THE AISLE SEAT - by Mike McGranaghan
"SUPREMACY"
In 1992, Garret Tully was released from the Pelican Bay State Penitentiary after serving 15 years for armed robbery. He was a free man for one day.
Those words open the drama Supremacy, which is ostensibly based on a true story. It's an odd note on which to begin a movie, because you already know that A.) Garret Tully is not going to get away with whatever crime he commits upon release; and B.) he doesn't die at the end. That sound you hear is suspense flying out the window. Supremacy isn't a bad film – the performances are much too good for that – but it most definitely is an example of how not to deal with hot-button subject matter.
Joe Anderson (The Grey) plays Tully, a white supremacist freshly sprung from the joint. Meeting him outside its walls is Doreen (Dawn Olivieri), a white-trash Aryan groupie. (Is there really even such a thing as an Aryan groupie, and if so, how pathetic is that?) They're supposed to take part in some vague plan masterminded by still-behind-bars Aryan Brotherhood leader Sobecki (Anson Mount). In the process of doing this, Tully kills a police officer. Now on the run, they invade the home of a black family and hold them hostage until receiving further instruction from Sobecki. Danny Glover plays Mr. Walker, the man of the house, whose estranged son (Derek Luke) is oh-so-coincidentally a local sheriff's deputy. Mr. Walker is an ex-con himself, one who decides to use his intellect to protect his family from the armed intruders.
The plot specifics of Supremacy don't really matter too much. This movie is more about reaching for thematic depth. Having two white supremacists invade the home of a black family is an excuse to explore issues of racism and hatred. That would be okay if the screenplay by Eric J. Adams ever went beyond a surface level. In actuality, it doesn't have anything of genuine substance to say on the topic. “Racists are cowards” is about as deep as it gets. Will that come as a shock to anyone?
The shallow treatment of a complicated issue leads to a much more troubling problem. Tully spends almost the entire movie pointing his gun at people (including young children) and yelling racial epithets, including near-constant use of the N-word. Given that Supremacy makes no real attempt to explore the mindset of Aryans, those words take on an increasingly uncomfortable quality. The audience is subjected to appalling language, with no greater purpose being achieved.
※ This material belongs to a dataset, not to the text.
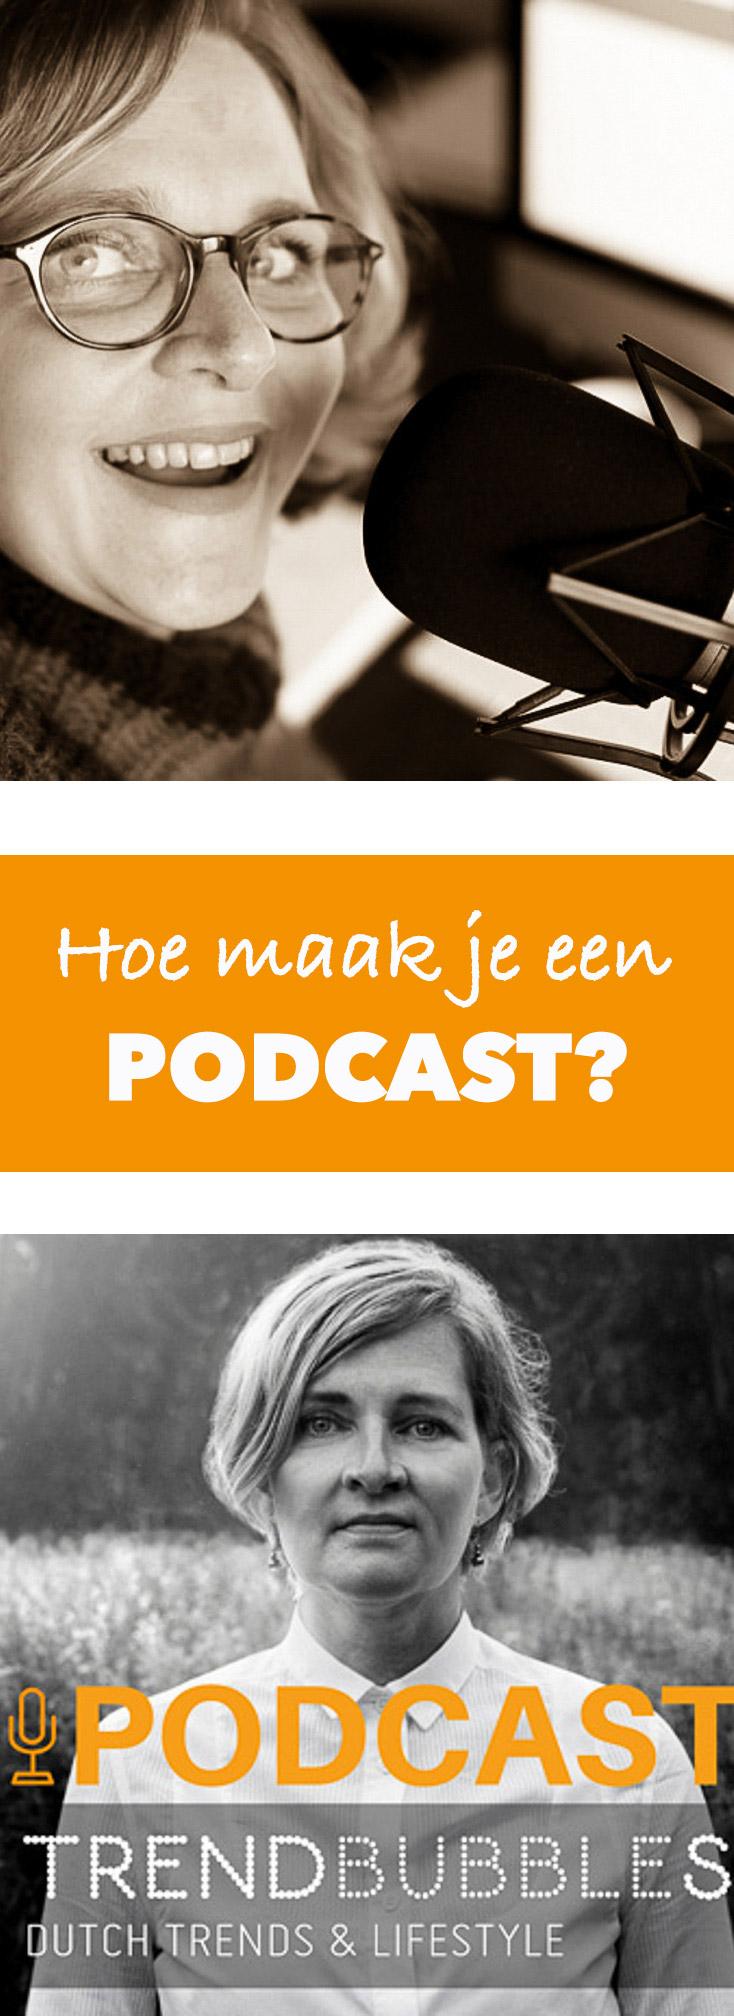 Een podcast show starten hoe doe je dat? | trendbubbles.nl
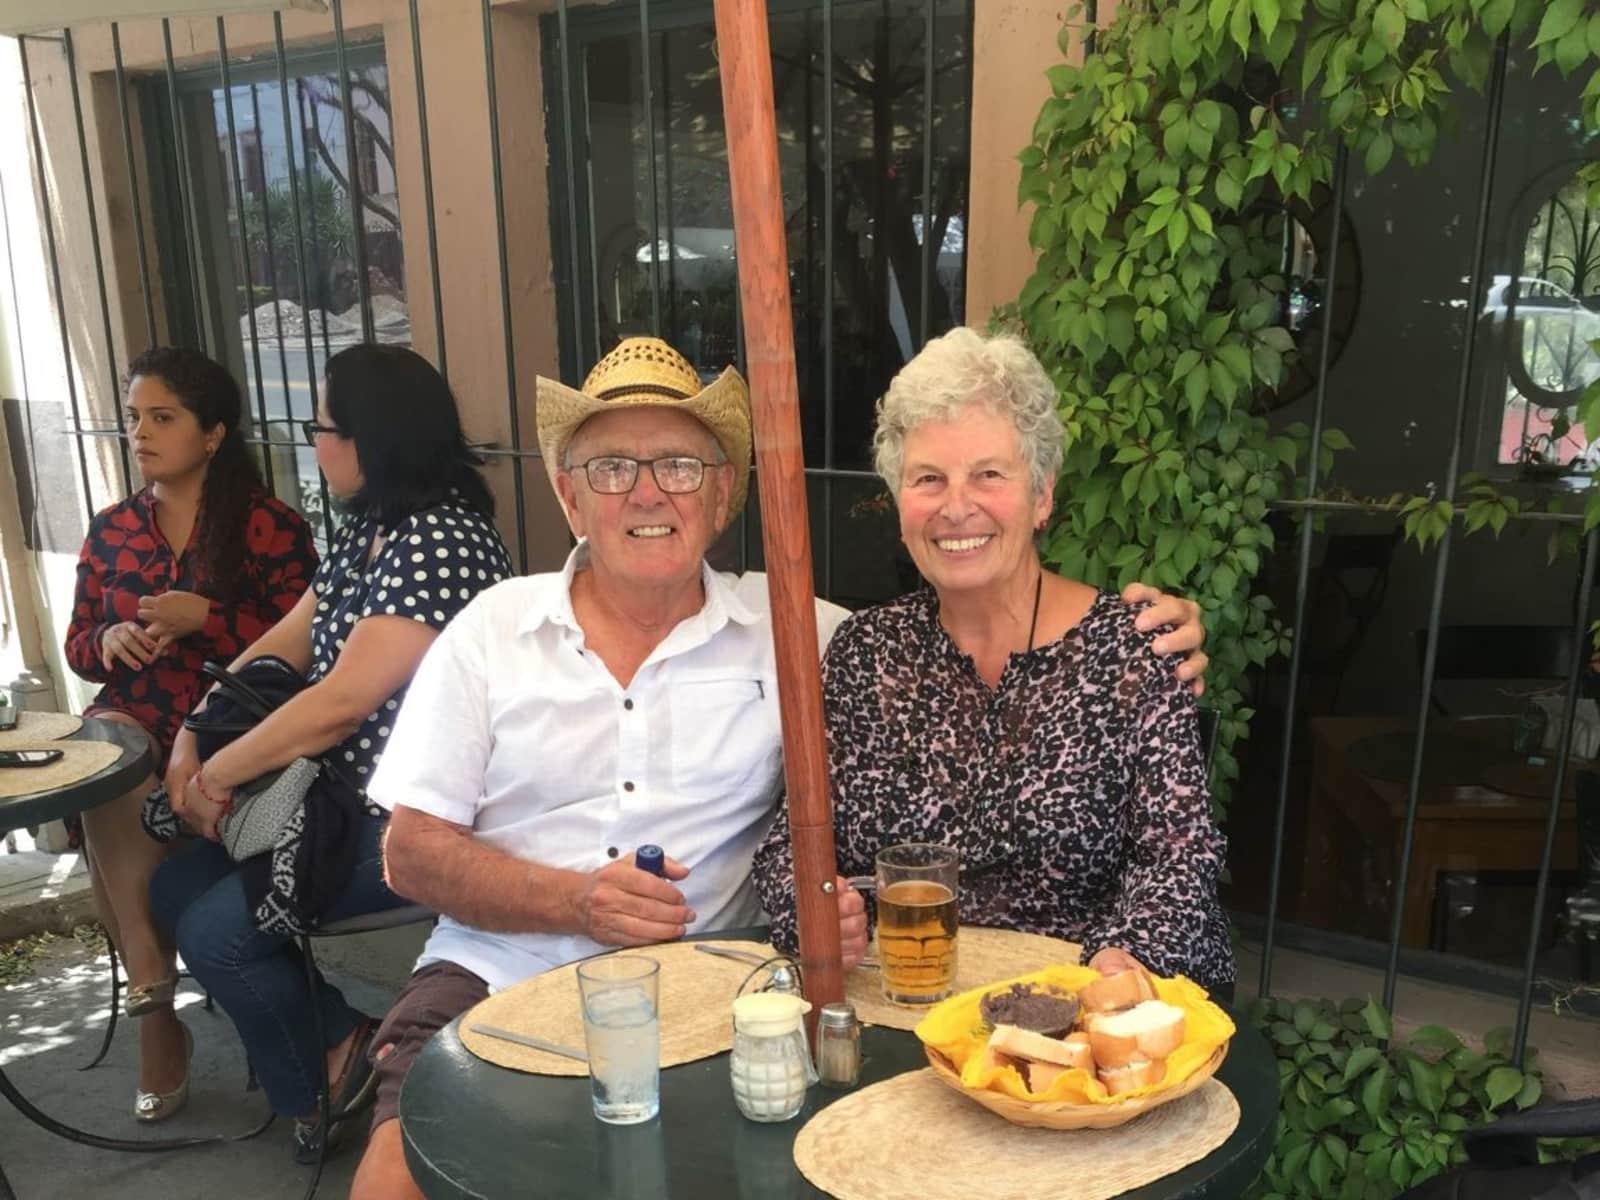 Ken & Lyse from Niagara Falls, Ontario, Canada

Working in the movie's favor is a solid cast. Anderson is entirely credible as a hate-filled bigot, and his performance can best be described as “thoroughly committed.” The actor tries mightily to fill in the screenplay's gaps, showing how Tully's rage is actually motivated by fear and ignorance. He's terrific. So is Dawn Olivieri as the drug-addicted loose cannon that is Doreen. She very effectively plays a mess of a person struggling to avoid going down the drain. And you can always count on Danny Glover to lend an air of dignity to anything he's in.
Directed by Deon Taylor, Supremacy is better if you ignore the racial stuff and just treat it as a home invasion thriller. On this level, it's at least passably entertaining. Mr. Walker treats the situation like a chess game; he's always trying to think one step ahead of Tully. As it becomes more and more clear that the Aryan isn't really going to kill anyone in the home, he steps his game up considerably. That admittedly creates a few relatively interesting moments along the way.
I applaud any movie that tries to take issues of race seriously, and Supremacy is no exception. But despite good intentions and a hard-working cast, the film never even approaches the level of profundity it strives for. The big payoff between Tully and Mr. Walker is a heavy-handed, utterly implausible scene that vastly oversimplifies the solutions to racial hatred. To make a movie about Aryans, you really need to have some sort of psychological insight into what makes them tick. It's blessedly a state of mind most of us cannot relate to. Supremacy lacks any such insight, which makes it watchable, although never especially impactful.
( out of four)
Supremacy is unrated, but contains drug use, violence, and offensive racist language. The running time is 1 hour and 46 minutes.